Lobl was already on the ground in Israel when he received word that Cuomo would not be coming. Nevertheless, he was seated in the VIP section for the funeral and ushered into the receiving tent immediately thereafter.

At that point David found himself in a small tent with the Israeli Prime Minister and his wife, former President Bill Clinton, Francois Hollande, Mahmoud Abbas and Prince Charles, of all people.

David was eager to say hello to the Royal Prince who surprised him when he asked in his signature upper crust British accent, “Is Governor Cuomo here?” They chatted for a bit, and at the lull in the conversation, Prince Charles cut to the real reason he was so eager to talk. He grabbed Lobl by the arm and whispered: “Hey, when do I put my Kippah on?”

The Cuomo Administration has certainly had its fair share of staff turnover. Some departures more eventful than others. But there is also a core of survivors within the inner circle who have committed for the long haul. And for a culture where the unofficial motto could be: “If you don’t BELONG, please don’t BE LONG,” David Lobl is definitely deserving of recognition for his time on the inside. We wish him well.

 

Cynthia Nixon and Jessica Ramos Set to Cross Endorse

If Governor Cuomo is the candidate of the Democratic establishment, then Cynthia Nixon is fast becoming the insurgent candidate of the left. Following a pattern that took hold just before the Congressional Primary when Nixon and Alexandria Ocasio-Cortez cross endorsed each other ( a move that is hard to view as anything but very prescient on Nixon’s part ), Nixon is set to do it again, only this time with State Senate candidate Jessica Ramos.
Nixon is expected to travel to Queens tomorrow for the 10:30 announcement. Ramos is taking on ex-IDC-er Jose Peralta who currently represents the 13th Senate District. In a statement Nixon says,
“I am so excited to endorse Jessica, and to receive her support. There has never been a more important time for women to run for office and to make ourselves heard. On Monday, we expect President Trump to nominate a Supreme Court justice who will very likely overturn Roe v. Wade. And,  currently, our state law provides no protection to New Yorkers if Republicans are successful in overturning Roe V. Wade.  For eight years, Cuomo has claimed he’s fought to change that, but at the same time, he’s kept Republicans and IDC members like Senator Peralta in power, knowing they will never support reproductive rights, and blaming them for his failure to lead. It’s time for the Governor and Senator Peralta to stop gaslighting New York’s women.

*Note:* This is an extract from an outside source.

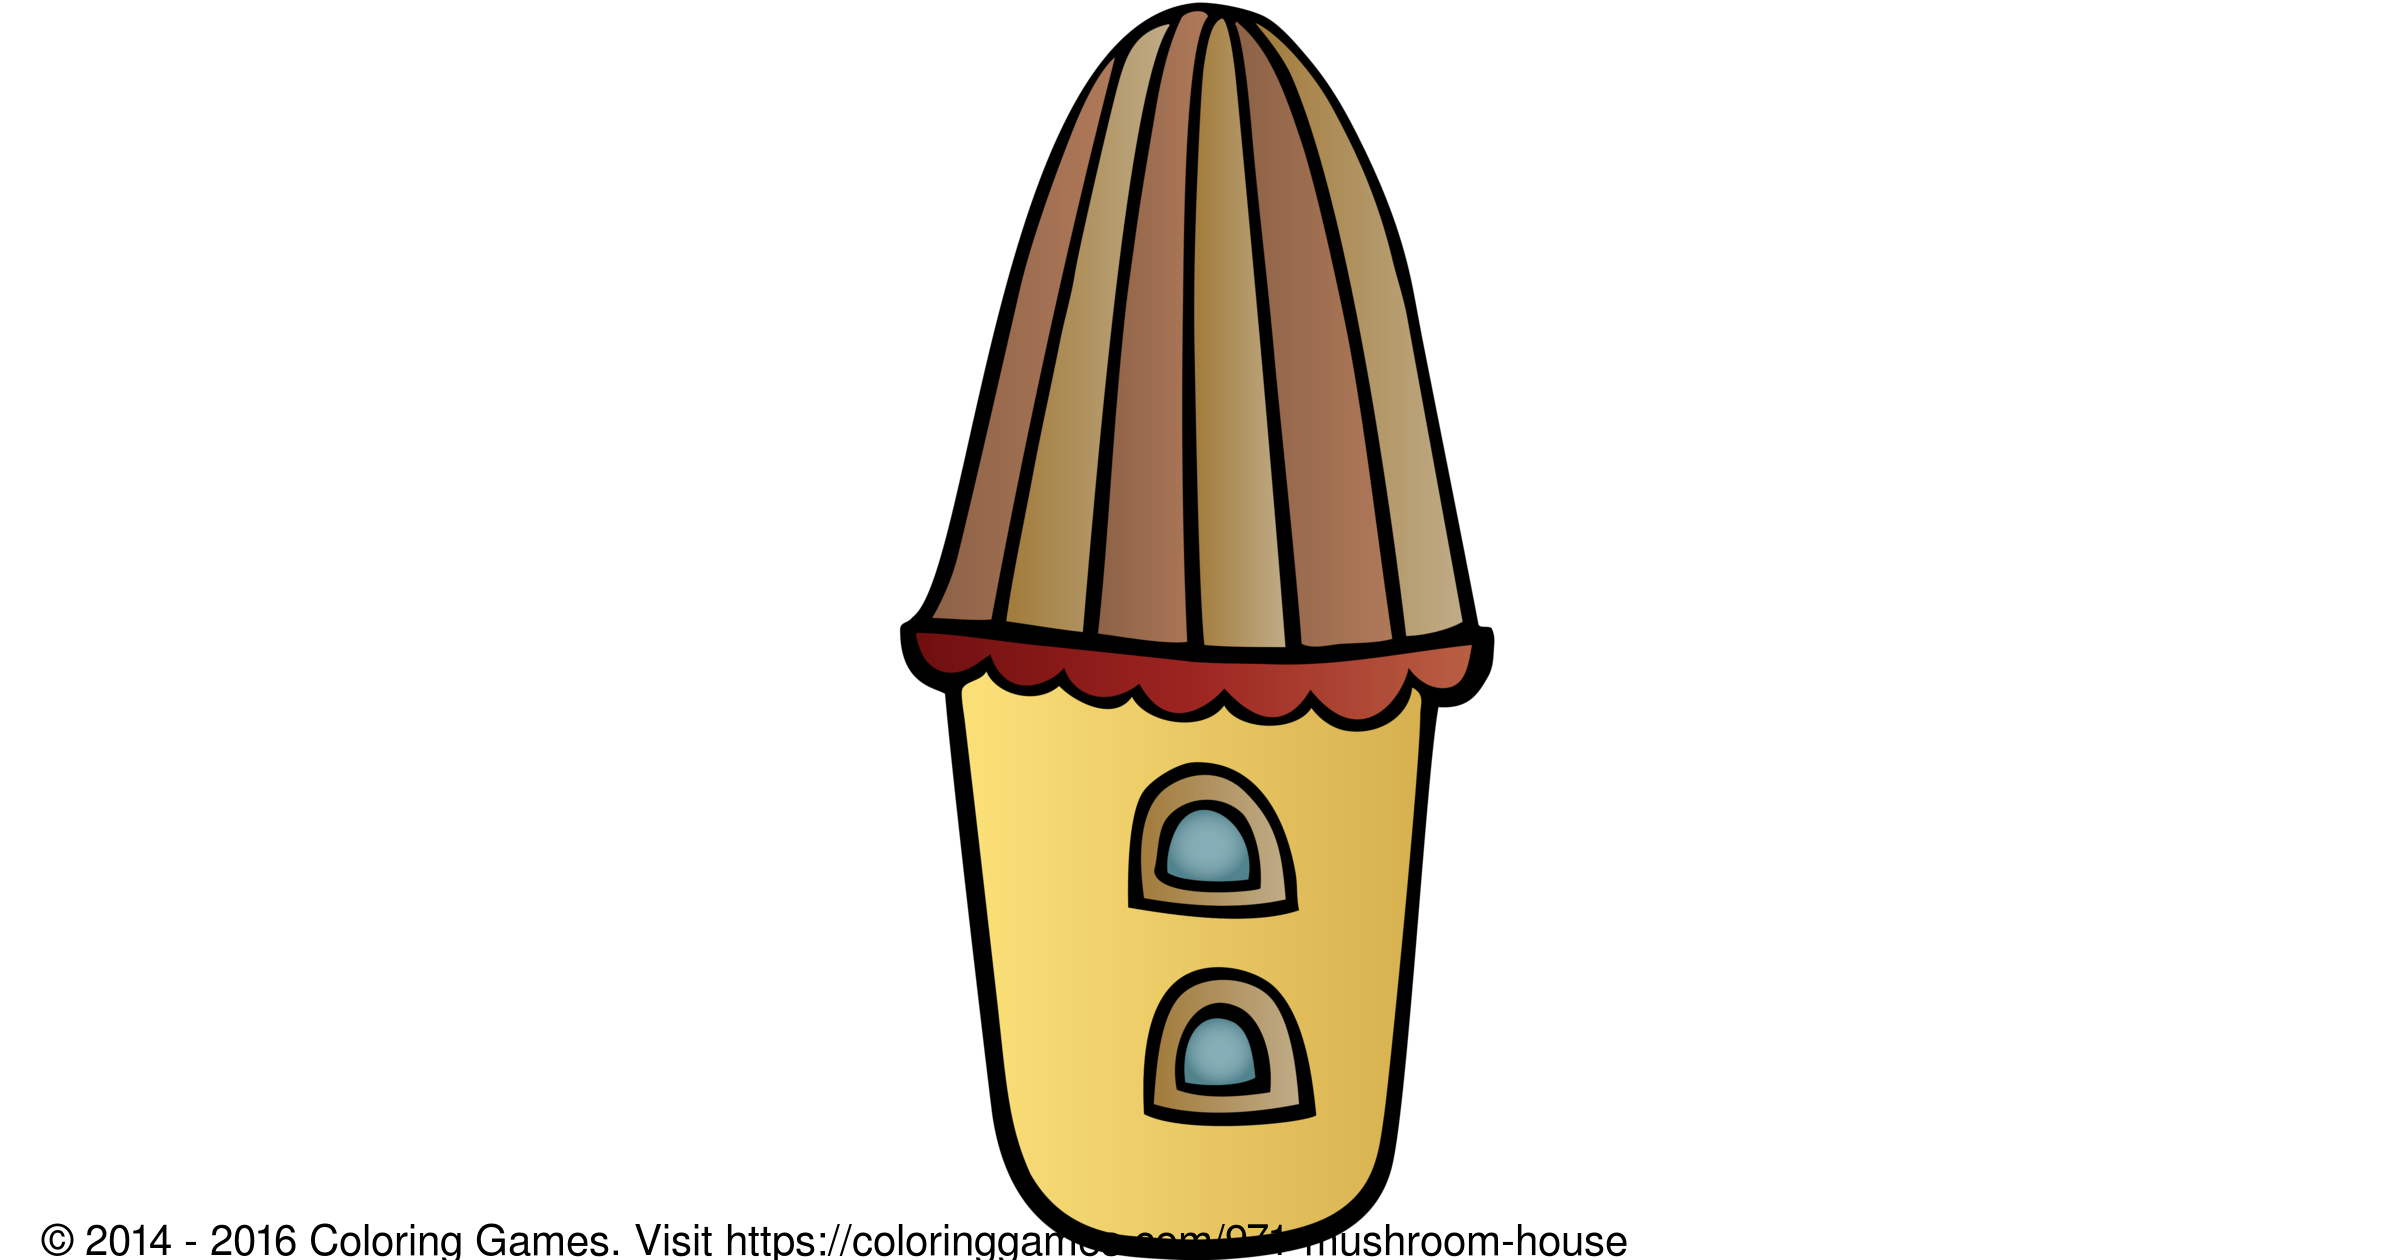 Mushroom house - Coloring Games and Coloring Pages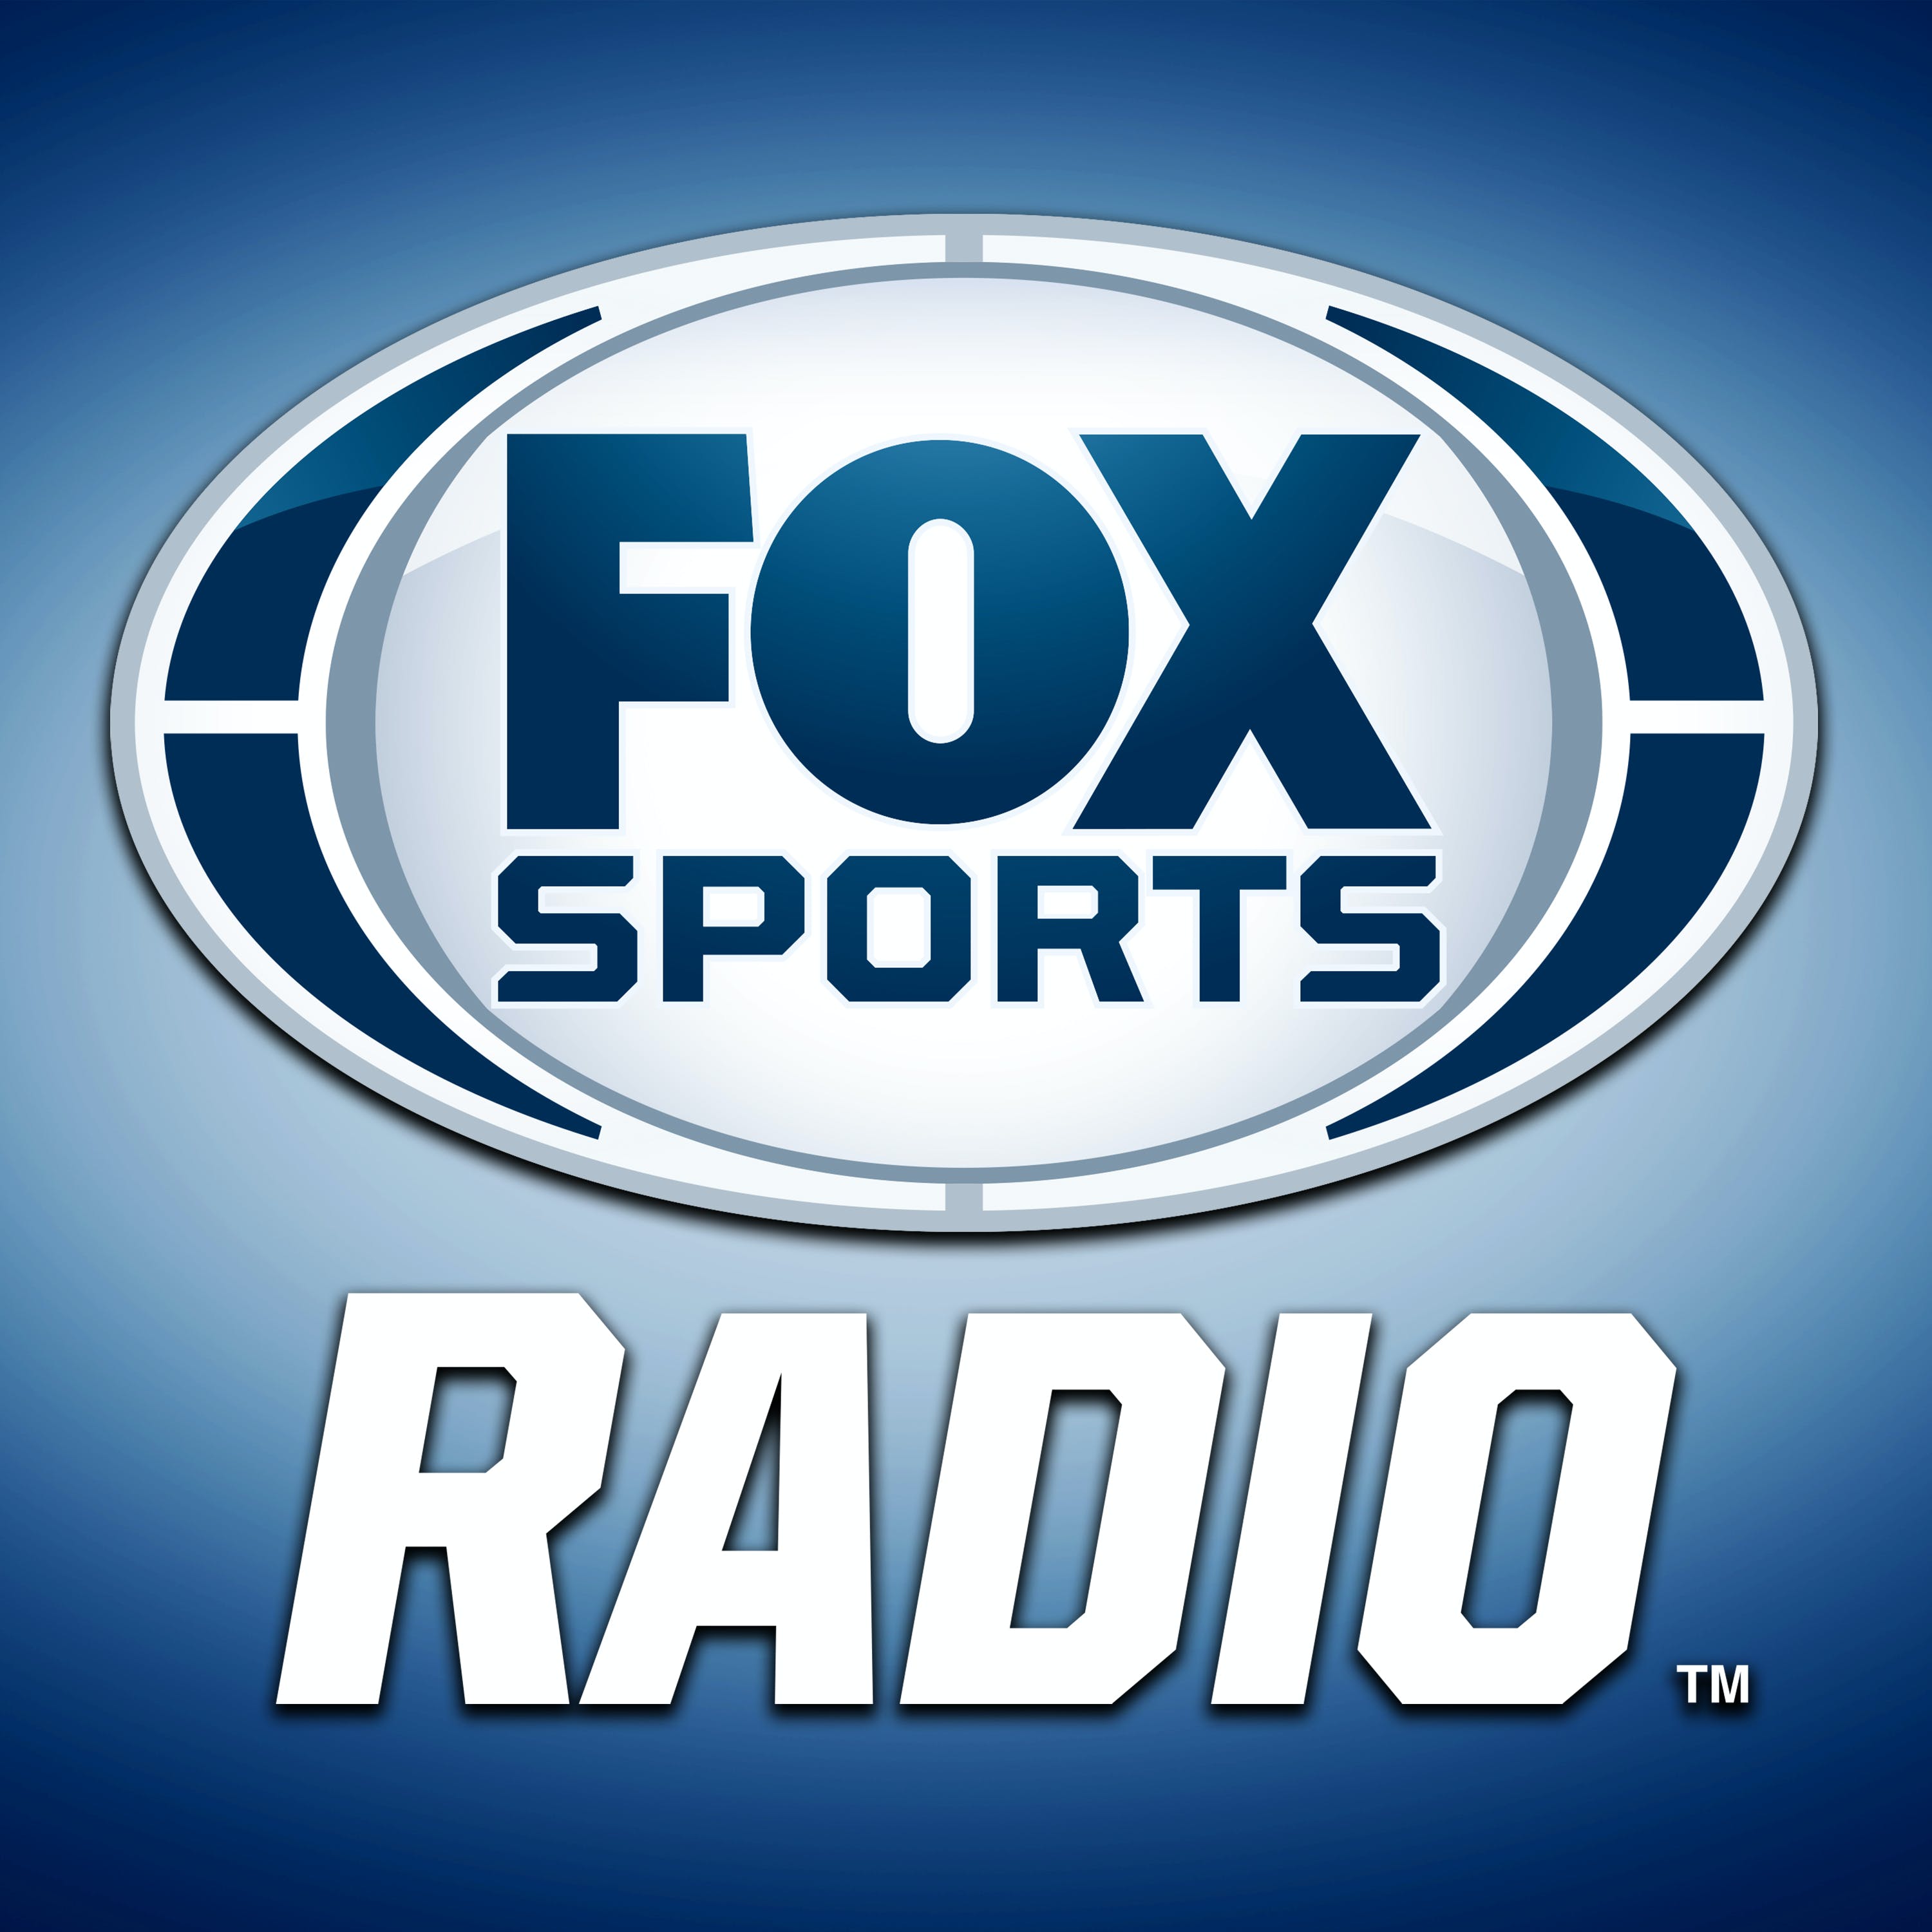 05/09/2021 - FOX Sports Sunday with Andy Furman and Brian Noe

They made the choice to side with the Republicans again and again. and now our reproductive freedom is at risk with Donald Trump in the White House and Roe vs Wade hanging in the balance.”
Peralta was the last Democrat to pull away from the mainline party and join the breakaway Independent Democratic Conference or IDC. He crossed over to the IDC in early 2017 and the backlash was almost immediate as he faced criticism from voters in the district. Until this past April the IDC had a coalition with Senate Republicans for control of the upper chamber. The alliance was in tact for more than five years and had the support of Governor Cuomo who insisted that the IDC-Republican contract remain in place through this year’s 2018 state budget. The IDC dissolved just days after the budget was passed in March and the 8 former IDC members went back to their colleagues and they all became a unified Democratic conference.
For years, few people knew much about the IDC or what role they played in State government, but more recently, in the Trump era, the issue began to break through. And now almost all the former IDC-ers ( all of whom are running for re-election ) are facing robust primary challenges. Sources say Peralta recently held an emergency meeting with campaign staff to figure out how to fight off the threat from Ramos who has been surging. Peralta denies any such meeting took place.
To gain the support of the Working Families Party in 2014 Cuomo pledged to work for a unified and Democratic controlled State Senate, but many progressives believe he reneged on that commitment. And at no point since that pledge have the Democrats been in control of the State Senate. Having learned their lesson, The Working Families Party snubbed Cuomo this election cycle as he seeks a third term, and instead went with Nixon.
In a statement, Ramos says,
“Cynthia Nixon is the progressive leader New York deserves, and I’m proud to support her and receive her endorsement. As a product of our public schools, a passionate advocate for immigrant families, and a champion for reproductive freedom, I know Cynthia will never betray our state’s women, students, and immigrants. For eight years, Andrew Cuomo has failed to deliver. Instead, he enabled, supported, and encouraged Republican leadership in Albany — even after Donald Trump was elected. Enough is enough. We have a bigot in the White House; we need real progressives Albany. I look forward to joining Cynthia in Albany next year and finally codifying Roe v. Wade, providing undocumented immigrants driver’s licenses, and fully funding our public schools.”

Back In A New York Groove

There is no question the political climate has shifted in the Trump era. And nowhere is that more acute than on the left. If we’ve learned anything from the victory of Alexandria Ocasio-Cortez over entrenched incumbent Joe Crowley it’s that progressive Democrats, the new base of the party, are hungry for change and in no mood to compromise on values.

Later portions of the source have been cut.